EXERCISE GOAL:
From start to end, write out the following data exactly, apart from its images.

INFORMATION SUPPLIED:
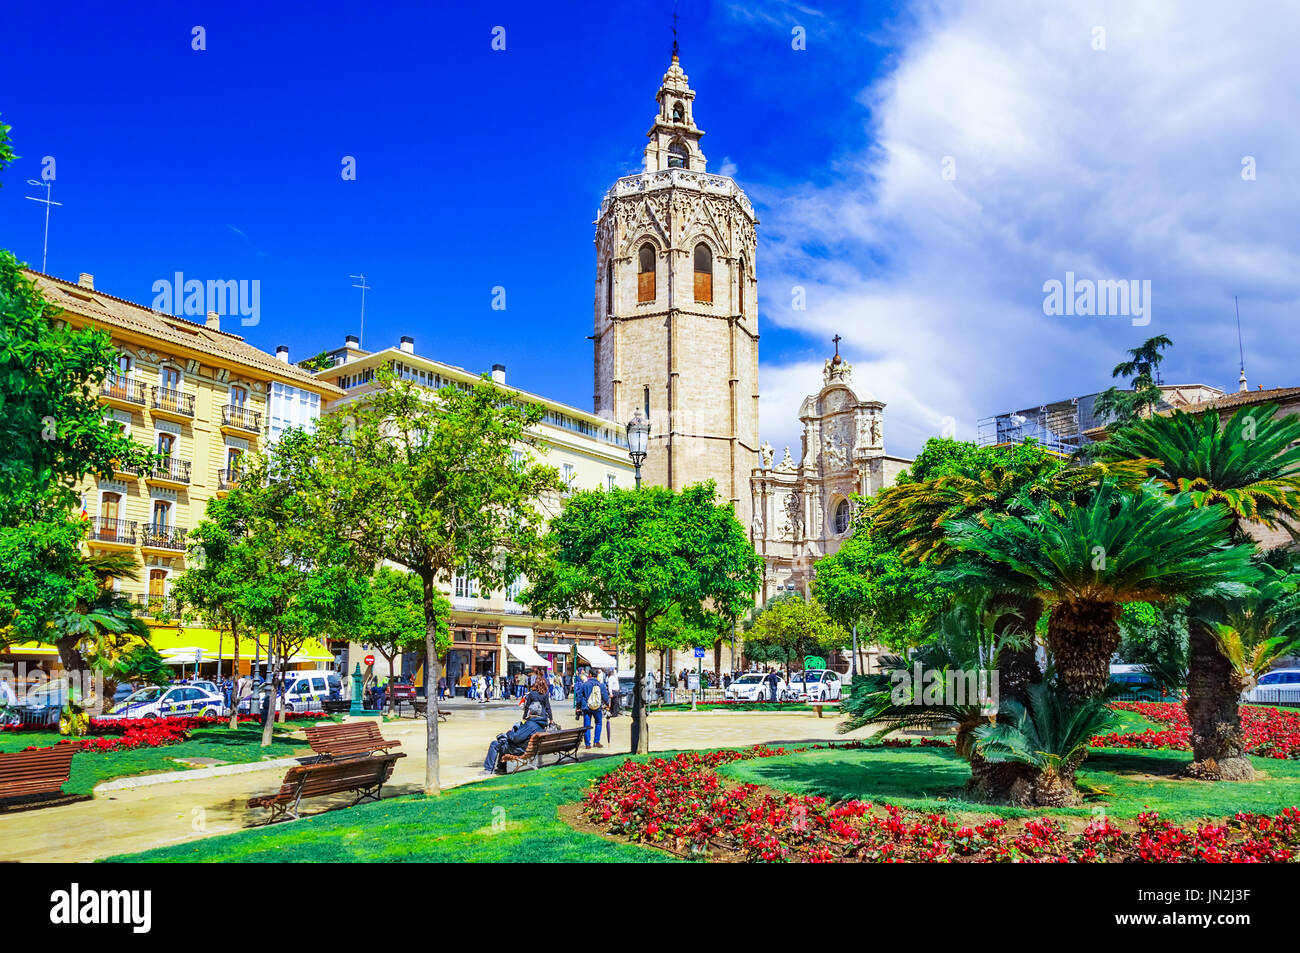 Tour micalet, micalet dans la plaza de la Reina, Valencia, Espagne, Europe Banque D'Images
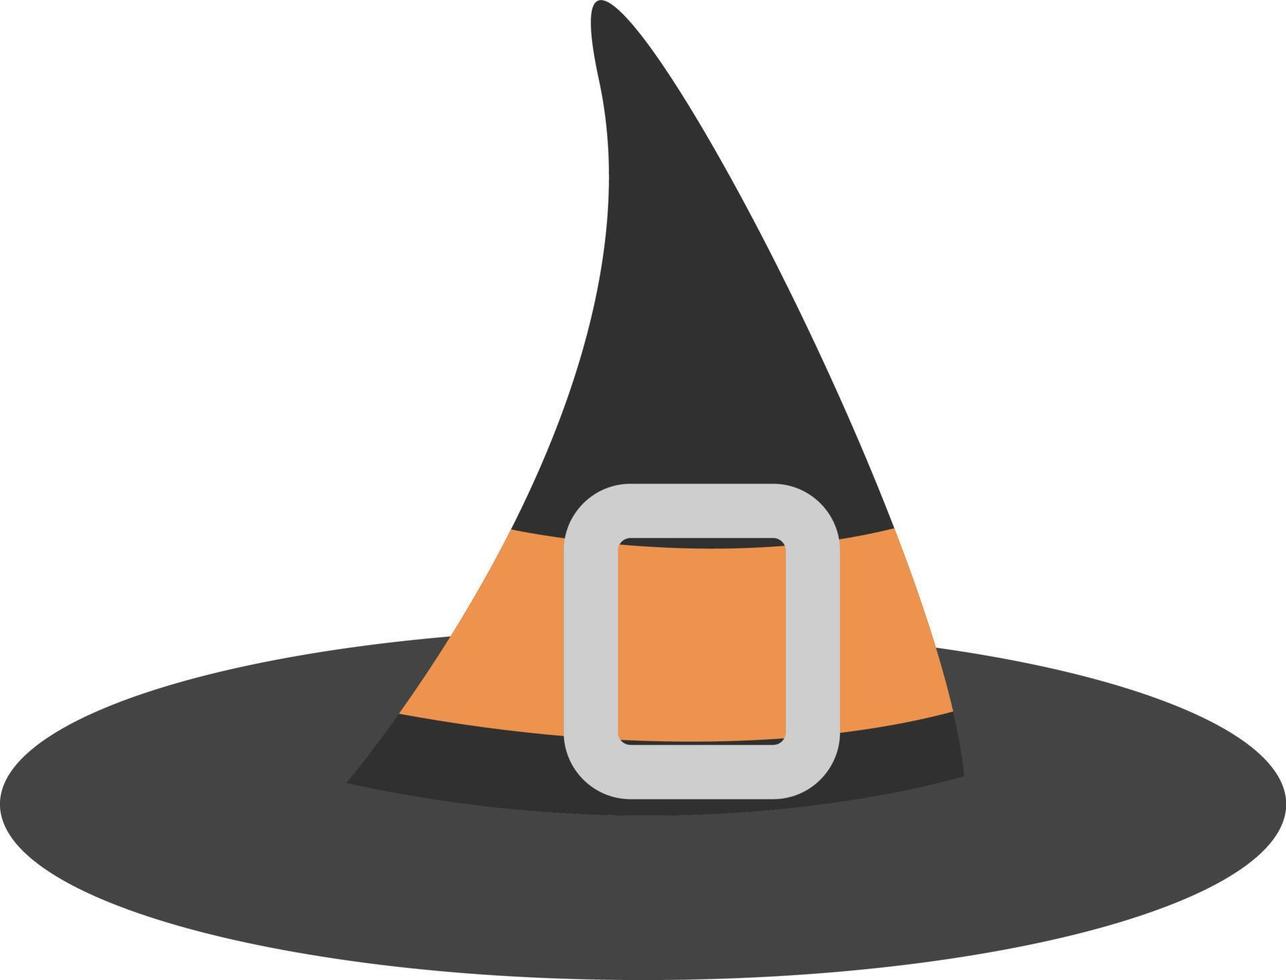 chapéu de bruxa preta, ilustração, vetor em um fundo branco.
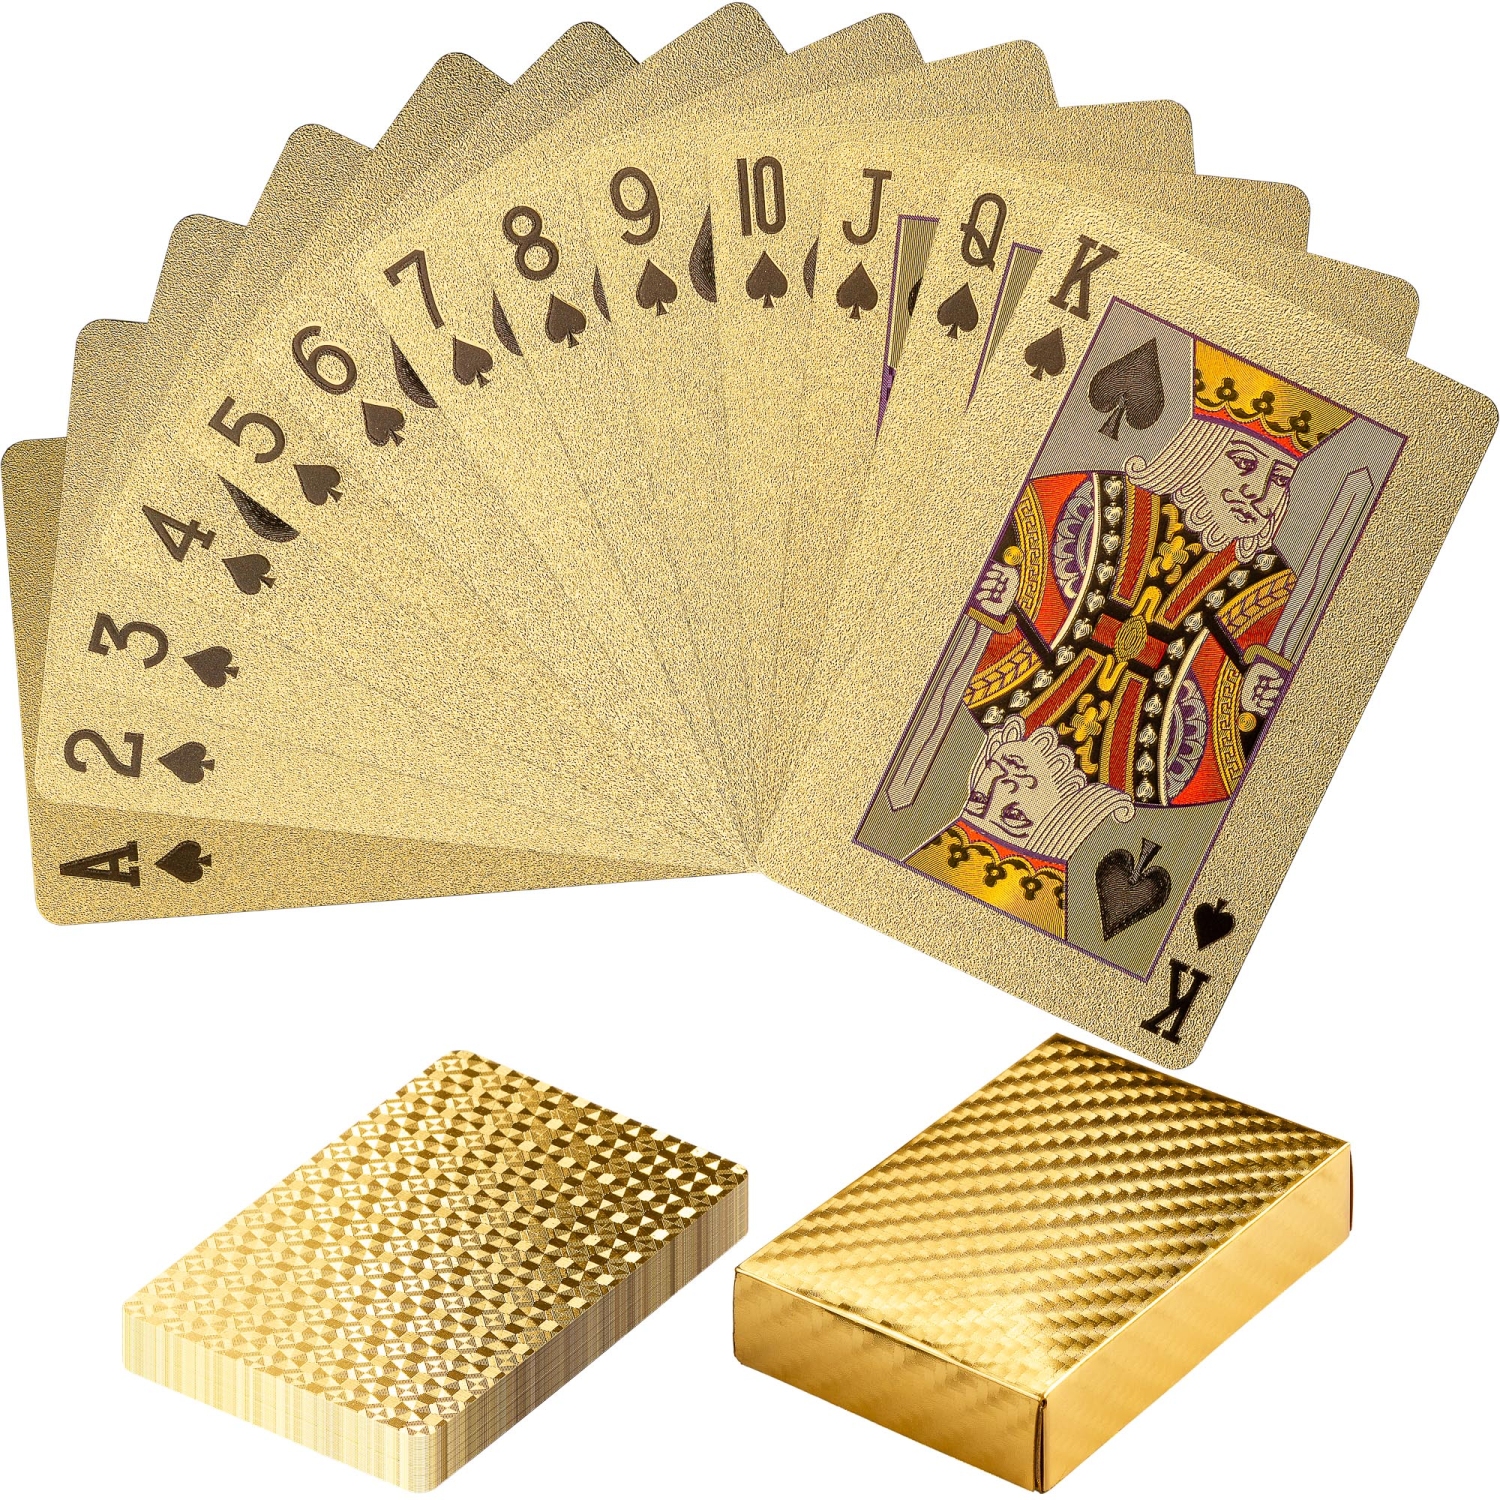 Pokerkarten NEU Goldene Spielkarten Skatkarten

RESULT BELOW:
 Tour micalet, micalet dans la plaza de la Reina, Valencia, Espagne, Europe Banque D'Images
 chapéu de bruxa preta, ilustração, vetor em um fundo branco.
 Pokerkarten NEU Goldene Spielkarten Skatkarten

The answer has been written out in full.